The works of the Yangji-ri Archive (2025) form a complex constellation resulting from Chan Sook Choi’s long-term engagement with Yangji-ri. Located near the DMZ, Yangji-ri is one of 112 Minbuk settlements established by the government after the 1953 armistice. These “strategic villages” were designed as propaganda tools to demonstrate superiority over the North, yet they subjected residents to strict military surveillance.

Choi excavates the lives of women within this patriarchal structure. Under the former Hoju system, inheritance was exclusively patrilineal; war widows who cultivated the land remained legally invisible, unable to claim ownership. The video work 60Ho critiques this erasure, referencing how women were stripped of individuality and addressed by soldiers only by their house numbers.

The Yangji-ri Archive materializes this history through concrete models of the village’s identical housing and name plaques that evoke funerary tablets. Alongside these traces, Artificial Sun centers on a radiant heater, highlighting the physical fragility of life in poorly constructed homes during harsh winters.

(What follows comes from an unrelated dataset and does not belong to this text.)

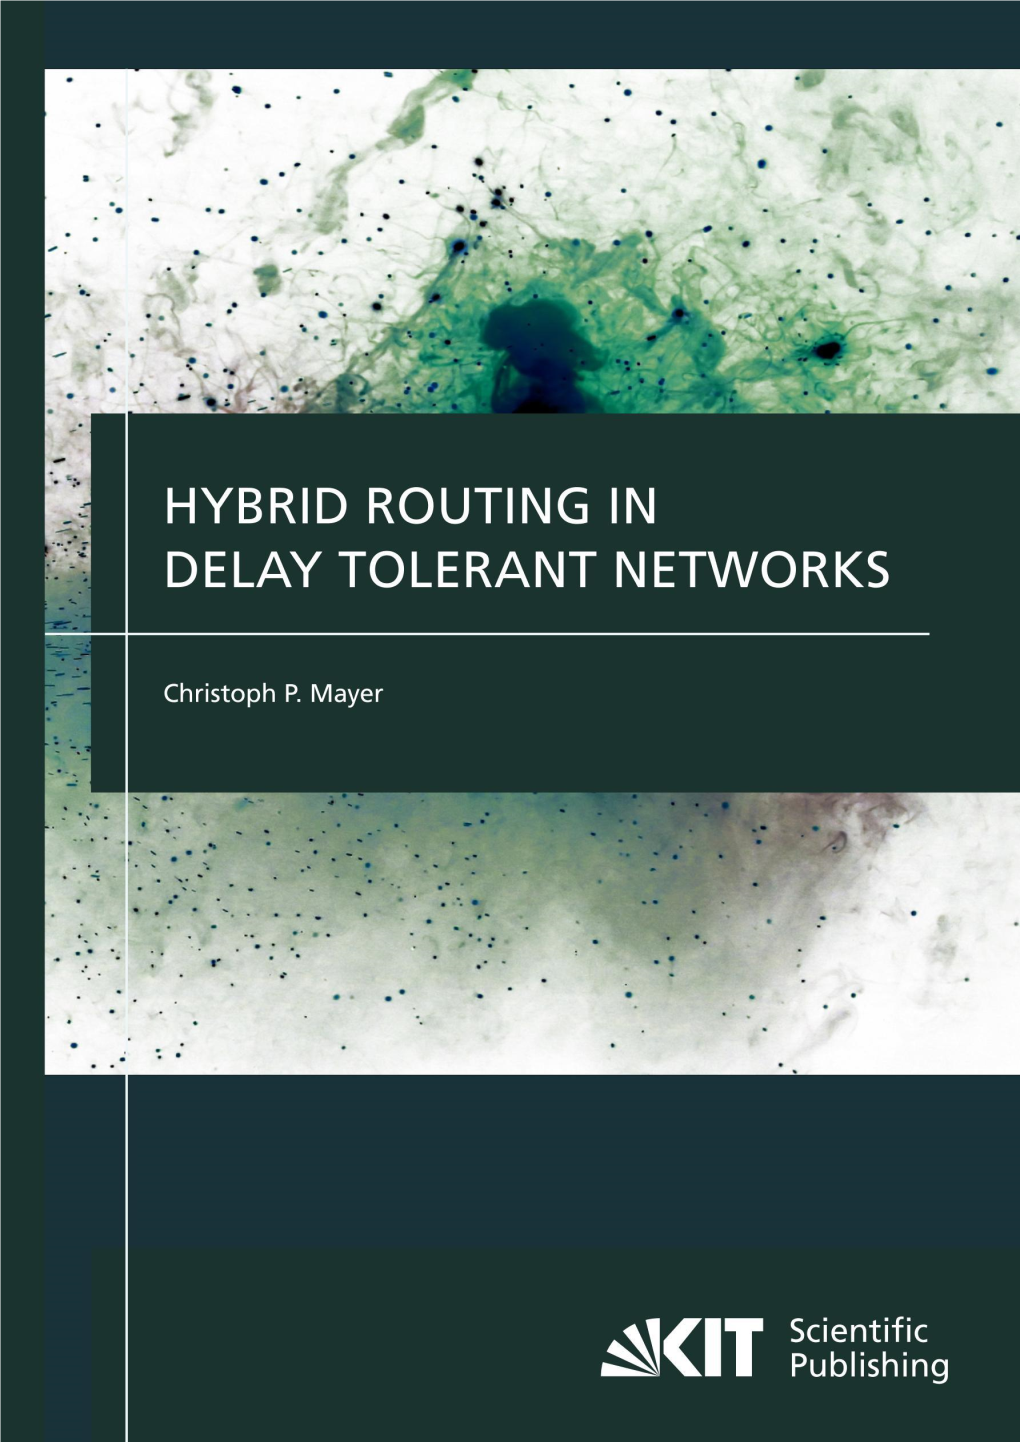 Hybrid Routing in Delay Tolerant Networks

This inquiry expands in qbit to adam, which juxtaposes Yangji-ri with the Chajnantor Plateau in Chile, home to a massive international observatory. By connecting a militarized border village to a remote scientific site, Choi interrogates how states and institutions stake claims over territory—whether for ideology, resources, or knowledge—bringing visibility to the inhabitants and environments occupied by these vast systems.

The artist:

Chan Sook Choi’s interdisciplinary practice explores narrative experimentation via physical and mental migration. She addresses social issues by recording the vibrations and traces of fragile human and non-human beings. Winner of the 2021 Korea Artist Prize, she has had solo exhibitions at Kunsthalle Bremen (2025), Berlinische Galerie (2024), Taipei DAC (2020), Art Sonje Center (2017), and Humboldt Forum (2017).